HDPCD-Java-複習筆記(2)

2.編寫MapReduce應用程序(Writing MapReduce Applications)


一個MapReduce程序由兩個主要階段組成(A MapReduce program consists of two main phases):

Map phase -- 數據輸入到Mapper, 由Mapper轉換並將轉換後的數據提供給Reducer. (Data is input into the Mapper, where it is transformed and prepared for the Reducer.)

Reduce phase -- 從Mapper接收數據,並完成期望的計算或者分析. (Retrieves the data from the Mapper and performs the desired computations or analyses.)


編寫一個MapReduce程序,需要定義一個Mapper類用來處理map階段,一個Reducer類來處理reduce階段.(To write a MapReduce program, you  define a Mapper class to handle the map phase and  a Reducer class to handle the Reduce phase.)


當所有的Mapper處理完成後,中間結果<key, value> 對經過一個shuffle 和sort 階段(所有鍵相同的值被組合在一起並且被髮送到同一個Reducer)(After all of the Mappers finish executing, the intermediate <key, value> pairs go through a shuffle and sort phase where all the values that share a key are combined and sent to the same Reducer.)


Mapper的數量由InputFormat決定.(The number of Mappers is determined by the InputFormat.The number of map tasks in a MapReduce job is based on the number of Input Splits.)

Reducer的數量由MapReduce job 配置決定.(The number of Reducers is determined by the MapReduce job configuration.The number of Reducers is determined by the mapreduce.job.reduces property.)


Partioner用來決定鍵值對被髮往哪個Reducer.(A  Partitioner is used to determine which <key,value> pairs are sent to which Reducer.)

Combiner可以被配置用來組合Mapper的輸出,以此減少shuffle和sort階段的網絡流量,從而提升性能.(A  Combiner can be optionally configured to combine the output of the Mapper, which can increase performance by decreasing the network traffic of the shuffle and sort phase.)


The Key/Value Pairs of MapReduce



The Word Count Example

MapReduce工作任務的 “Hello, World”就是word count, 一個工作任務接收一個文本文件作爲輸入並且輸出文件中的每個單詞和每個單詞出現的次數。

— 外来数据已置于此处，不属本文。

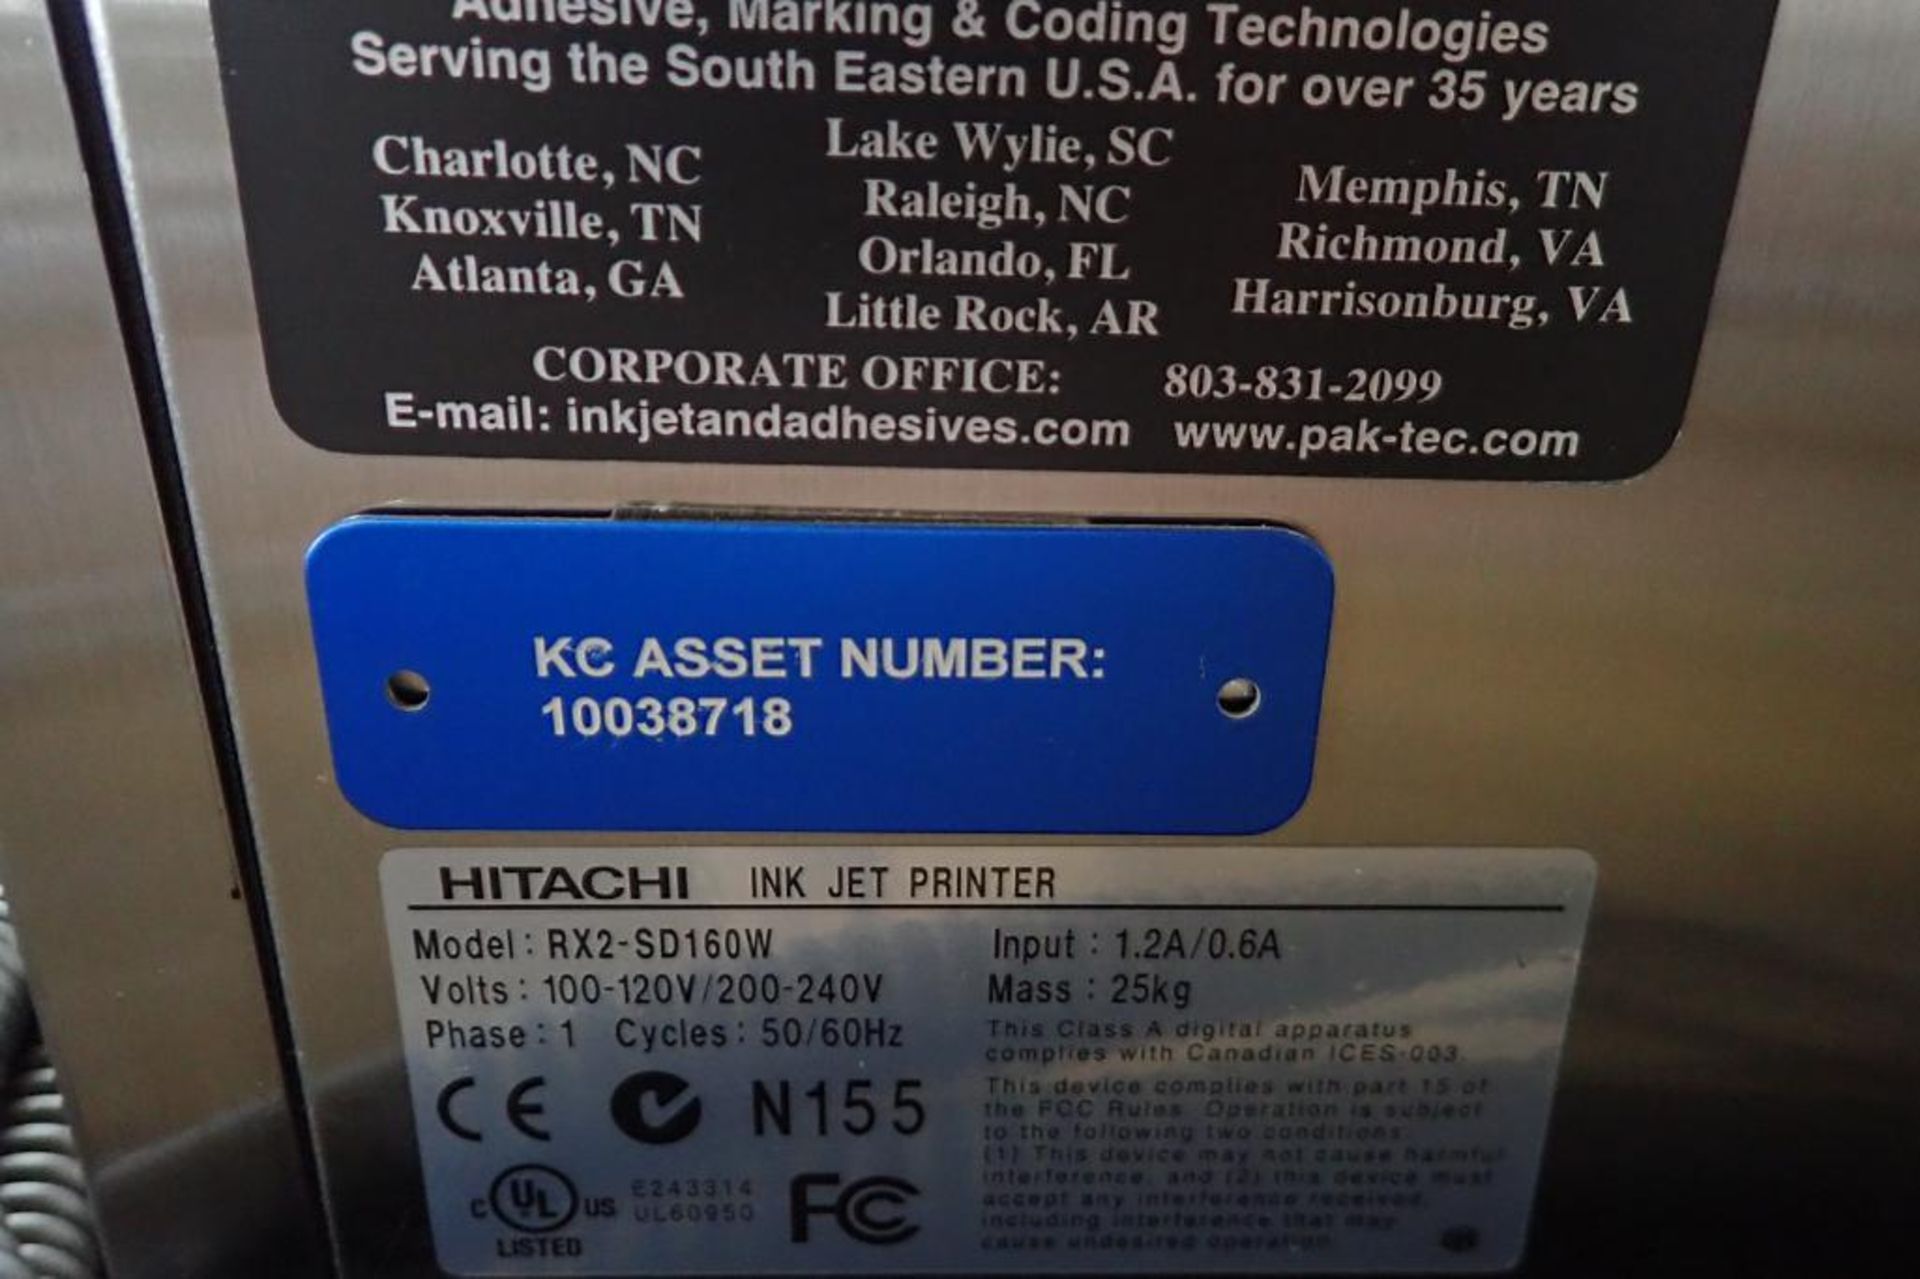 Hitachi ink jet printer, Model RX2-SD160W, SN R2S05261503, 1 ph., 100-120 volt, on stand { Rigging - Image 12 of 12

(The “Hello, World” of MapReduce jobs is word count, a job that inputs a text file and outputs every word in the file, along with the number of occurrences of each word.)

  • public class WordCountMapper
  •    extends Mapper<LongWritable, Text, Text, IntWritable> {
  •    @Override
  •   protected void map(LongWritable key, Text value,
  •                       Context context)
  • throws IOException, InterruptedException {
  • String currentLine = value.toString();
  • String [] words = currentLine.split(" ");
  • for(String word : words) {
  • Text outputKey = new Text(word);
  • context.write(outputKey, new IntWritable(1));
  • }
  •   }
  • }
  • public class WordCountReducer
  •    extends Reducer<Text, IntWritable, Text, IntWritable> {
  •    @Override
  •    protected void reduce(Text key,
  •                           Iterable<IntWritable> values,
  •                           Context context)
  • throws IOException, InterruptedException {
  • int sum = 0;
  • for(IntWritable count : values) {
  • sum += count.get();
  • }
  • IntWritable outputValue = new IntWritable(sum);
  • context.write(key, outputValue);
  •    }
  • }
  • public class WordCountJob extends Configured
  •                           implements Tool {
  • @Override
  • public int run(String[] args) throws Exception {
  • Job job = Job.getInstance(getConf(), "WordCountJob");
  • Configuration conf = job.getConfiguration();
  • job.setJarByClass(getClass());
  • Path in = new Path(args[0]);
  • Path out = new Path(args[1]);
  • FileInputFormat.setInputPaths(job, in);
  • FileOutputFormat.setOutputPath(job,  out);
  • job.setMapperClass(WordCountMapper.class);
  • job.setReducerClass(WordCountReducer.class);
  • job.setInputFormatClass(TextInputFormat.class);
  • job.setOutputFormatClass(TextOutputFormat.class);
  • job.setMapOutputKeyClass(Text.class);
  • job.setMapOutputValueClass(IntWritable.class);
  • job.setOutputKeyClass(Text.class);
  • job.setOutputValueClass(IntWritable.class);
  • return job.waitForCompletion(true)?0:1;
  • }
  • public static void main(String[] args) {
  • int result;
  • try {
  • result = ToolRunner.run(new Configuration(),  
  •         new WordCountJob(), args);
  • System.exit(result);
  • } catch (Exception e) {
  • e.printStackTrace();
  • }
  • }
  • }
Running a MapReduce Job:

1.將文件放入HDFS中(Put the input files into HDFS.)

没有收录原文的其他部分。